As for the Google Play store, practical apps seem to reign supreme in the genre column. Tools, Entertainment, Education, Business, and Productivity make up the five most popular genres in the Google Play store. The category column is dominated by family-oriented apps with games coming in second.
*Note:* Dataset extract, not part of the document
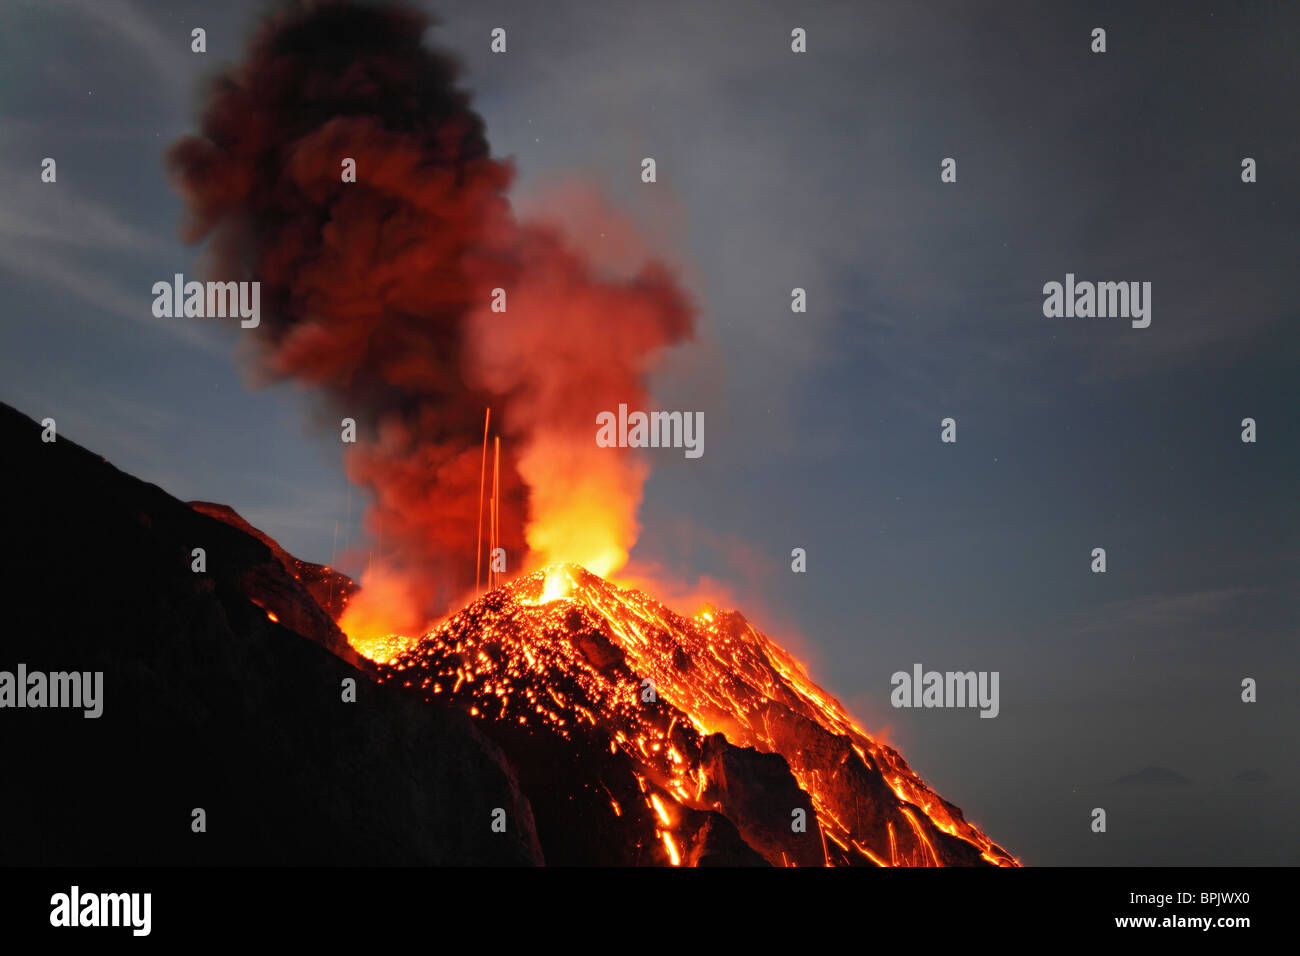 Mayo 10, 2009 - Stromboli erupción, las Islas Eolias, al norte de Sicilia, Italia. Foto de stock

Game apps might be less popular in the Google Play store compared the App Store, but games are still one of the most popular types of apps in the Google Play store.

## More Analysis

Next, I will calculate the average number of installations for each app genre in the App Store. The App Store dataset does not have data about installations so I will instead use the user ratings column.

In [31]:
# Calculating the average number of installations for each app genre in the App Store
genres_ios = freq_table(as_free, 'prime_genre')

for genre in genres_ios:
    total = 0
    len_genre = 0
    for app in as_free:
        genre_app = app['prime_genre']
        if genre_app == genre:            
            n_ratings = float(app['rating_count_tot'])
            total += n_ratings
            len_genre += 1
    avg_n_ratings = total / len_genre
    print(genre, ':', avg_n_ratings)

Social Networking : 71548.34905660378
Photo & Video : 28441.54375
Games : 22788.6696905016
Music : 57326.530303030304
Reference : 74942.11111111111
Health & Fitness : 23298.015384615384
Weather : 52279.892857142855
Utilities : 18684.456790123455
Travel : 28243.8
Shopping : 26919.690476190477
News : 21248.023255813954
Navigation : 86090.33333333333
Lifestyle : 16485.764705882353
Entertainment : 14029.830708661417
Food & Drink : 33333.92307692308
Sports : 23008.898550724636
Book : 39758.5
Finance : 31467.944444444445
Education : 7003.983050847458
Productivity : 21028.410714285714
Business : 7491.117647058823
Catalogs : 4004.0
Medical : 612.0


Reference apps have the largest average of reviews despite accounting for less than 1% of the total amount of apps on the App Store. This means that a reference app has more of a chance to stand out as opposed to a game app.

In [36]:
# Calculating the average number of installations for each app genre in the Google Play store
categories_gp = freq_table(gp_free, 'Category')
for category in categories_gp:
    total = 0
    len_category = 0
    for app in gp_free:
        category_app = app['Category']
        if category_app == category:            
            n_installs = app['Installs']
            n_installs = n_installs.replace(',', '')
            n_installs = n_installs.replace('+', '')
            total += float(n_installs)
            len_category += 1
    avg_n_installs = total / len_category
    print(category, ':', avg_n_installs)

ART_AND_DESIGN : 1986335.0877192982
AUTO_AND_VEHICLES : 647317.8170731707
BEAUTY : 513151.88679245283
BOOKS_AND_REFERENCE : 8767811.894736841
BUSINESS : 1712290.1474201474
COMICS : 817657.2727272727
COMMUNICATION : 38456119.167247385
DATING : 854028.8303030303
EDUCATION : 1833495.145631068
ENTERTAINMENT : 11640705.88235294
EVENTS : 253542.22222222222
FINANCE : 1387692.475609756
FOOD_AND_DRINK : 1924897.7363636363
HEALTH_AND_FITNESS : 4188821.9853479853
HOUSE_AND_HOME : 1331540.5616438356
LIBRARIES_AND_DEMO : 638503.734939759
LIFESTYLE : 1437816.2687861272
GAME : 15588015.603248259
FAMILY : 3695641.8198090694
MEDICAL : 120550.61980830671
SOCIAL : 23253652.127118643
SHOPPING : 7036877.311557789
PHOTOGRAPHY : 17840110.40229885
SPORTS : 3638640.1428571427
TRAVEL_AND_LOCAL : 13984077.710144928
TOOLS : 10801391.298666667
PERSONALIZATION : 5201482.6122448975
PRODUCTIVITY : 16787331.344927534
PARENTING : 542603.6206896552
WEATHER : 5074486.197183099
VIDEO_PLAYERS : 24727872.452830188
NEWS_AND_

## Conclusion

Once again, reference apps rank relatively high. While other categories may be more popular, such as games or communication, these categories are also oversaturated as we see apps of these categories make up a large percentage of the apps available in the Google Play and App Stores. I would recommend that my company attempt to make a reference app based off of some popular media.